14 de março de 2015

Manhã de sábado

Manhã de sábado, a rua, o passo inseguro e vacilante, as pernas bambas, o céu azul e um sol de março invadindo praças e travessas. Acordei cedo para o que é hábito do relógio que me dorme à cabeceira e escanhoei a cara, nem um arranhão. Minha mãe, à distância de mais de sete anos, haveria de gostar, sem dizer palavra. Mas o seu sorriso cândido, de mais de nove décadas, certamente lhe brilharia nos olhos e me chegaria à alma como uma carícia da sua mão magra e velha, como se pensasse que, assim, eu me pareceria mais com uma pessoa normal e menos com um salteador do século dezanove, escondendo-se às esquinas da noite, à espera da vítima.

Fi-lo também, e especialmente, por ti. Para poder sentir na minha pele macia o afago morno da tua mão pequena e frágil, sem nenhum queixume de que a minha face é uma seara de punhais maduros, prontos a ferir e a fazer-te correr as lágrimas sentidas que não desejas e a ver jorrar o sangue dos ferimentos, vermelho, azul, extracto de salsaparrilha, que sempre resultam das pontas afiadas dos punhais. E posto isto, aqui me quedo, deambulando perdido e sem destino pelos espaços que o sol vai abrindo à minha frente, como se fosse um vencedor, a coroa de louros soltando-se-me dos cabelos, uma qualquer medalha presa ao peito e encaminhando-me para a posteridade e para a história.

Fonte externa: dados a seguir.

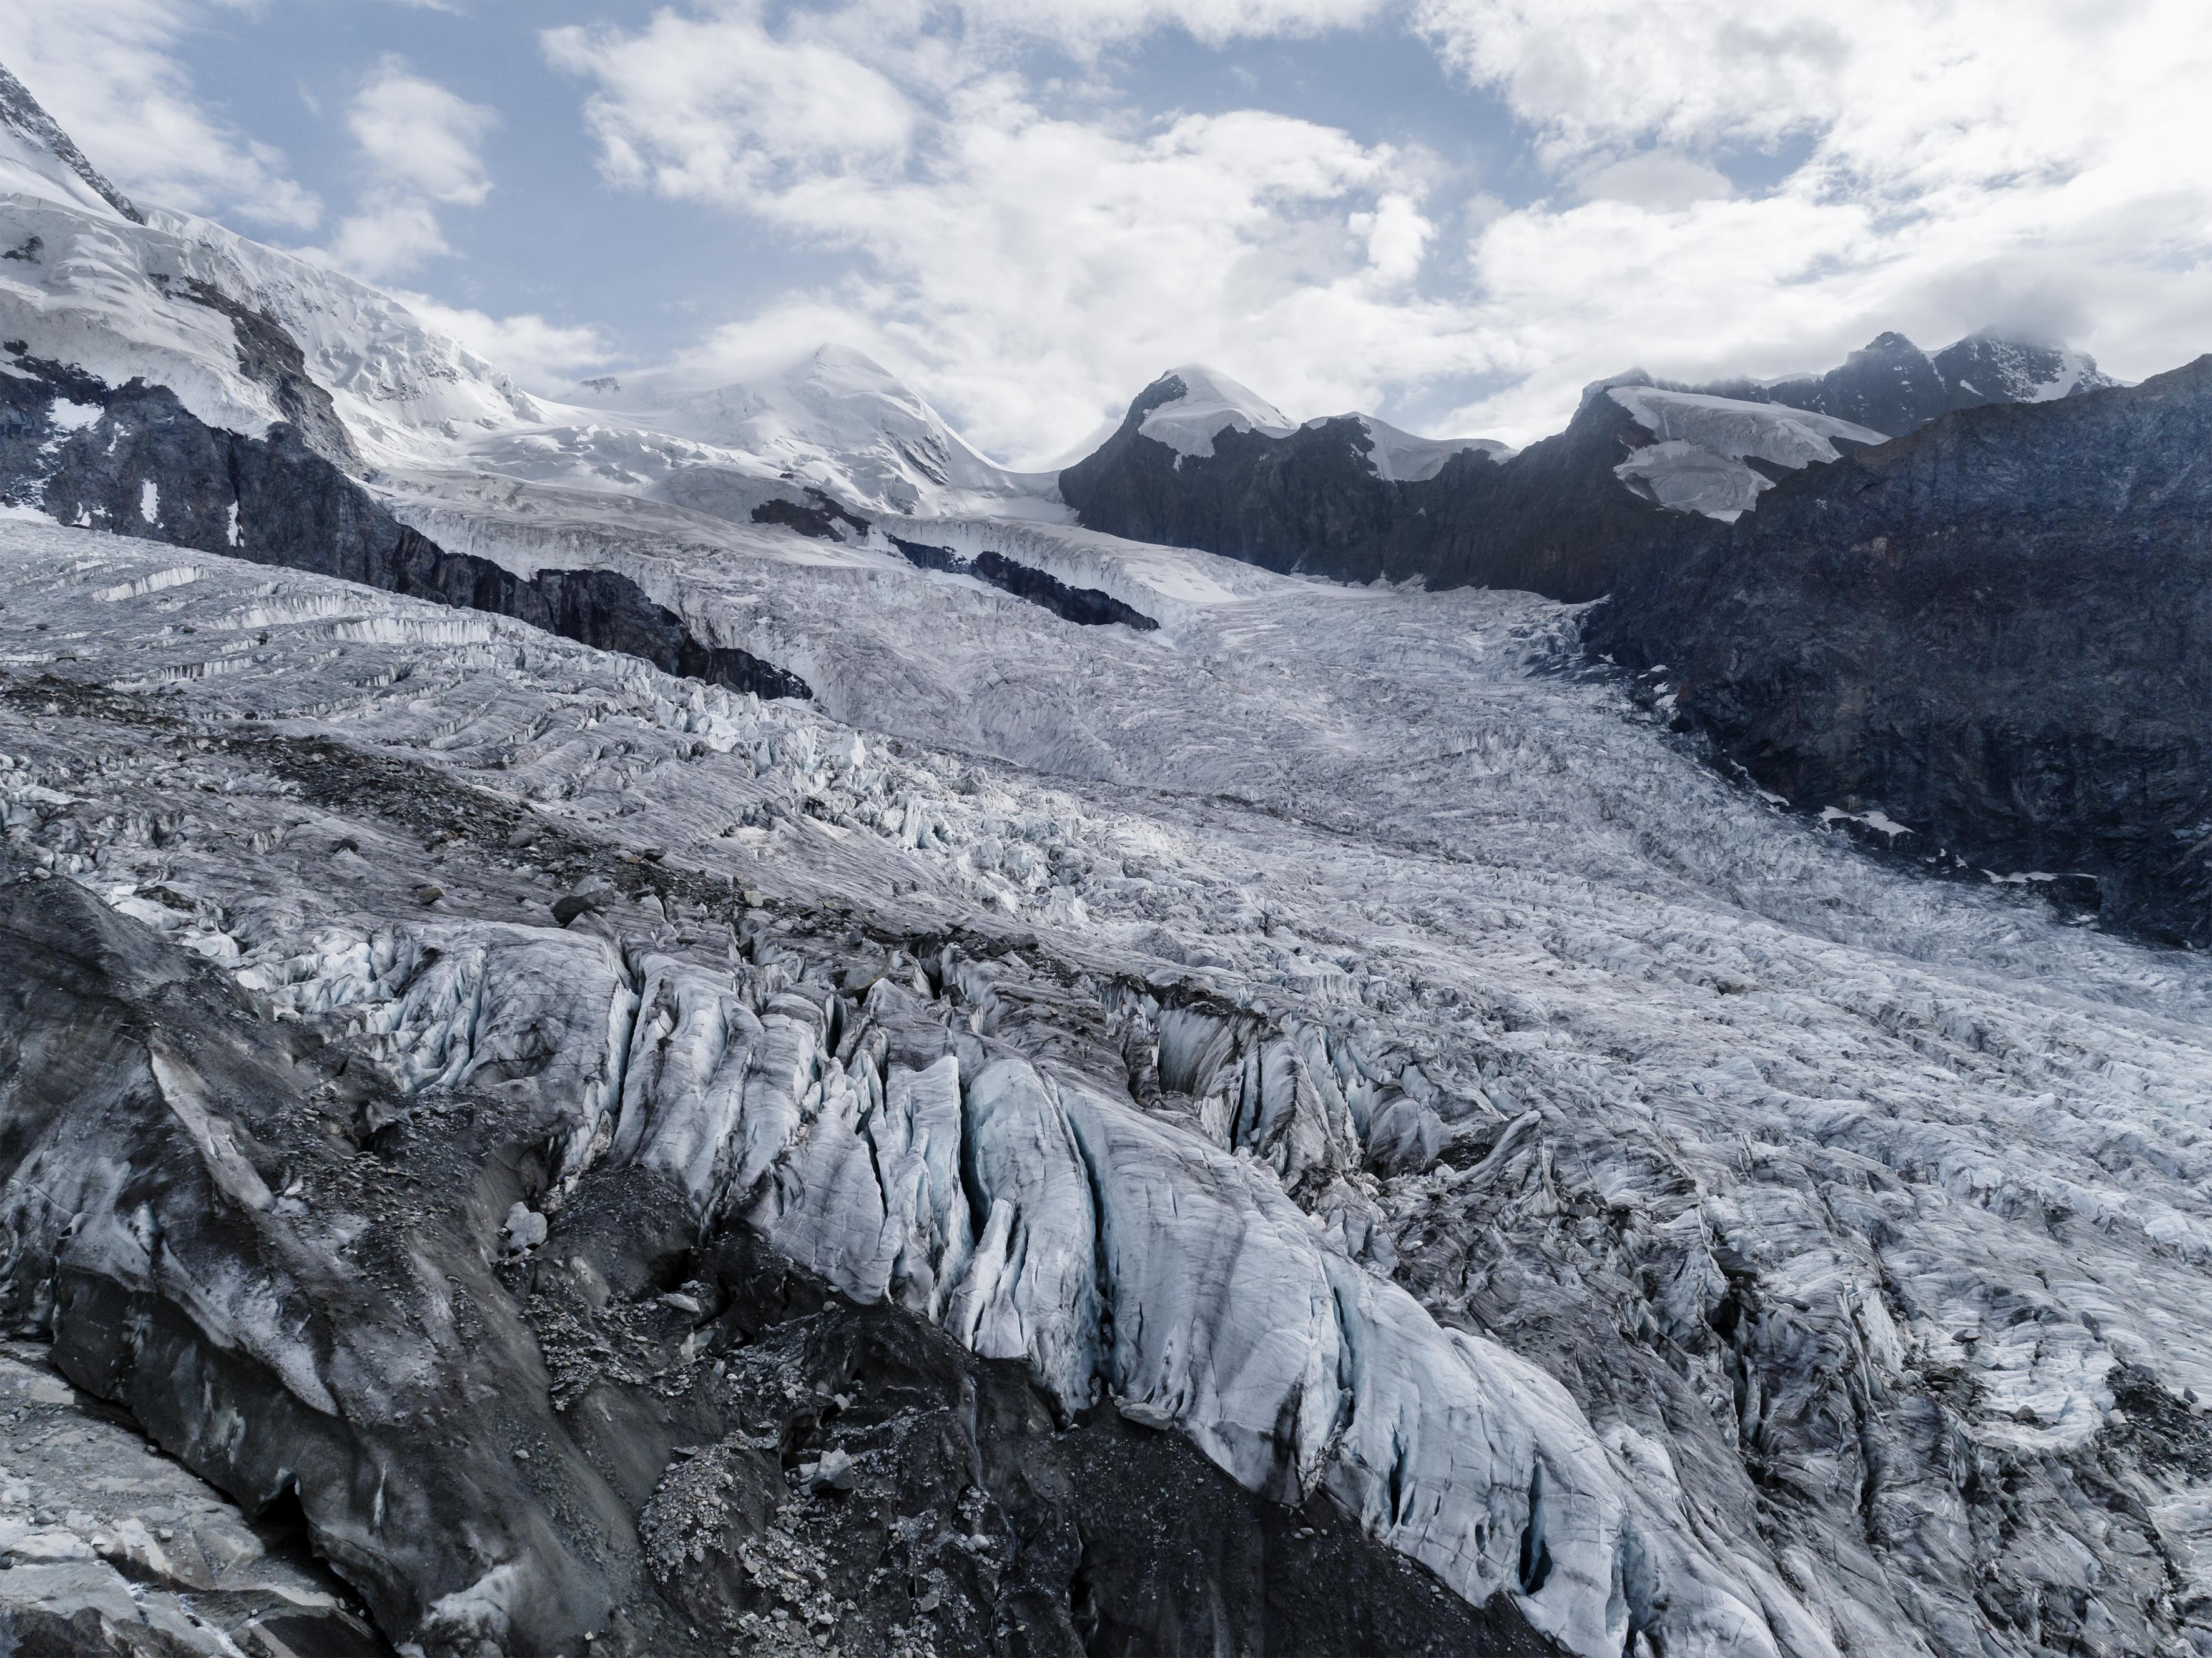 #379 Glaciers,Grenzgletscher, 2018, 45°57'14.009″N 7°48'46.799″E

Dura a espera e este desespero denso que carrega, desde que a madrugada se fez anunciar na luz mortiça dos candeeiros eléctricos da iluminação pública. Um olho desperto preso à noite, que não morre, o outro pousado sobre o silêncio de um telefone, que não toca, o pensamento voando em círculos, à volta da tua ausência longa que já não tem medida nem diâmetro em que possa acomodar-se. Depressa o sol rumou a poente e foi perdendo altura, a perder-se nas águas frias do oceano, onde se perdem os sonhos de cada dia e a luz que os ilumina. Dele não fica mais do que o estertor final, esplêndido, antes de sumir-se na linha imaginária do horizonte. Na praia há apenas um banco vazio, sem corpos que se toquem e sem mãos que se dêem.